Approximating Minimum Linear Ordering Problems
This paper addresses the Minimum Linear Ordering Problem (MLOP): Given a nonnegative set function f on a finite set V, find a linear ordering on V such that the sum of the function values for all the suffixes is minimized. This problem generalizes well-known problems such as the Minimum Linear Arrangement, Min Sum Set Cover, Minimum Latency Set Cover, and Multiple Intents Ranking. Extending a result of Feige, Lovász, and Tetali (2004) on Min Sum Set Cover, we show that the greedy algorithm provides a factor 4 approximate optimal solution when the cost function f is supermodular. We also present a factor 2 rounding algorithm for MLOP with a monotone submodular cost function, using the convexity of the Lovász extension.
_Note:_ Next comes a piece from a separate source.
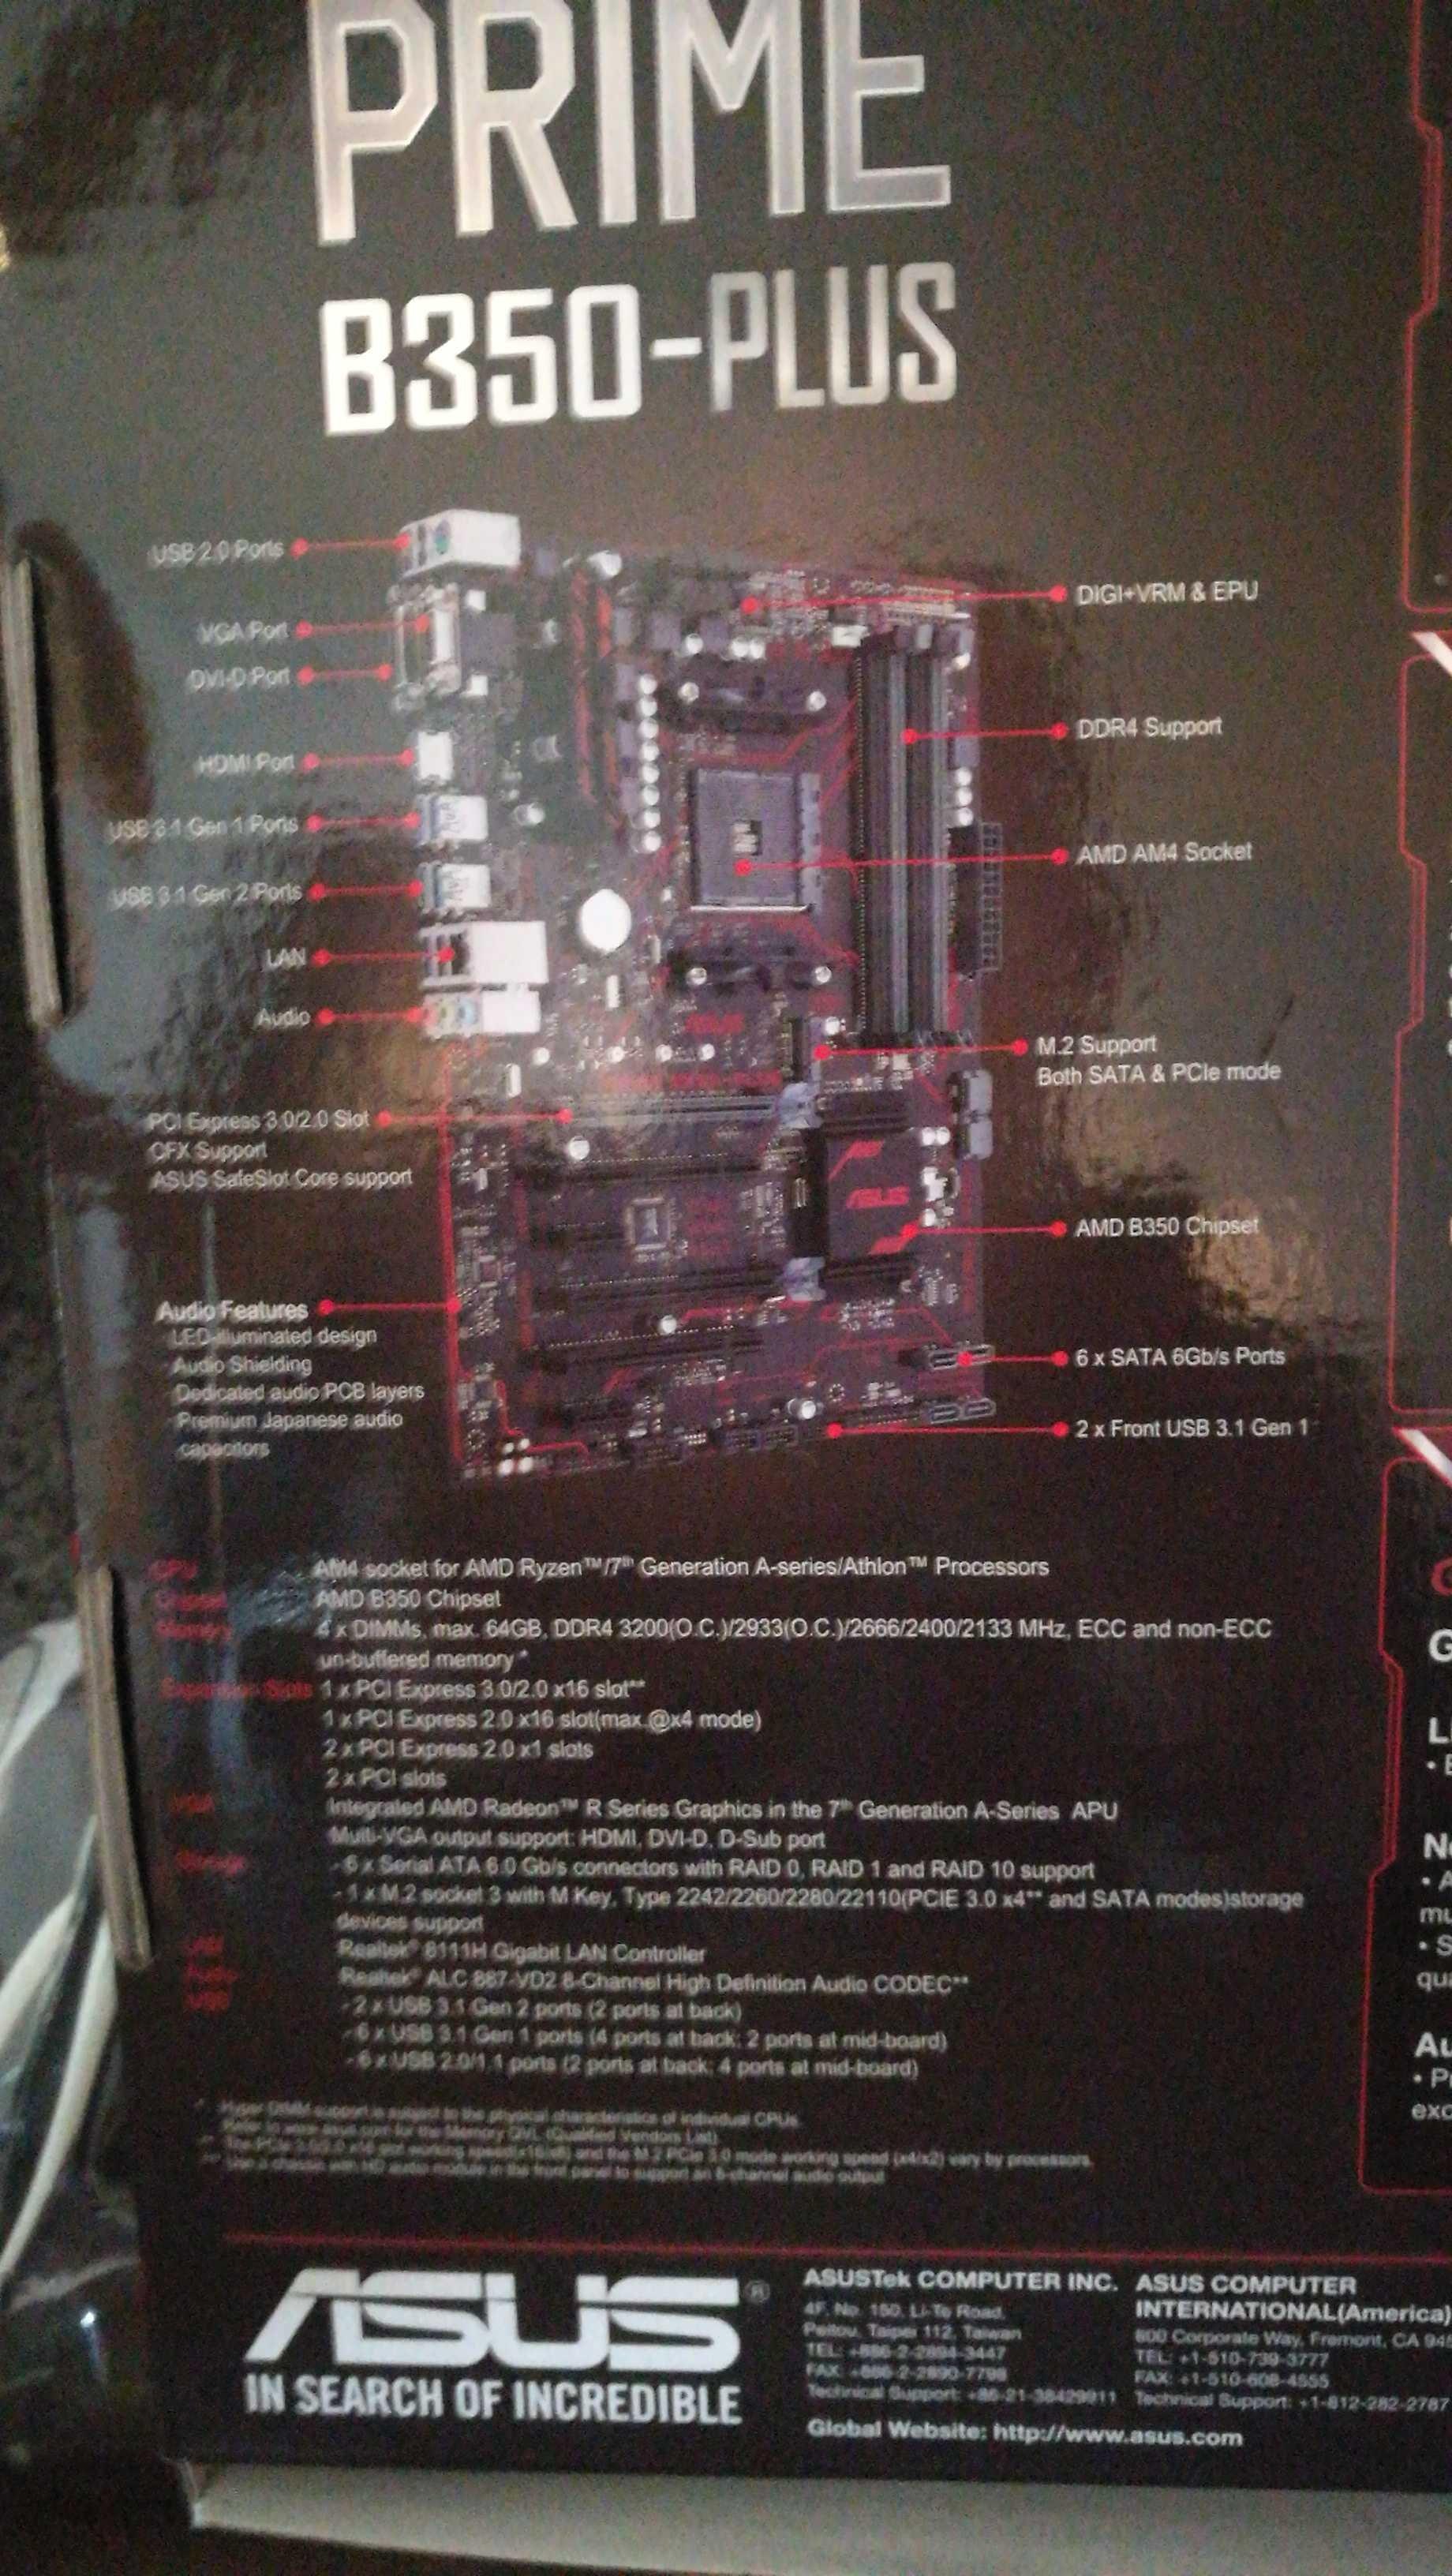 1f2280aa7bed1e9340e59e7bede4075e - Asus prime b350 plus bootet nicht

These are among very few constant factor approximation algorithms for NP-hard minimization problems formulated in terms of submodular/supermodular functions. In contrast, when f is a symmetric submodular function, the problem has an information theoretic lower bound of 2 on the approximability.
Feige, Lovász, and Tetali (2004) also devised a factor 2 LP-rounding algorithm for the Min Sum Vertex Cover. In this paper, we present an improved approximation algorithm with ratio 1.79. The algorithm performs multi-stage randomized rounding based on the same LP relaxation, which provides an answer to their open question on the integrality gap.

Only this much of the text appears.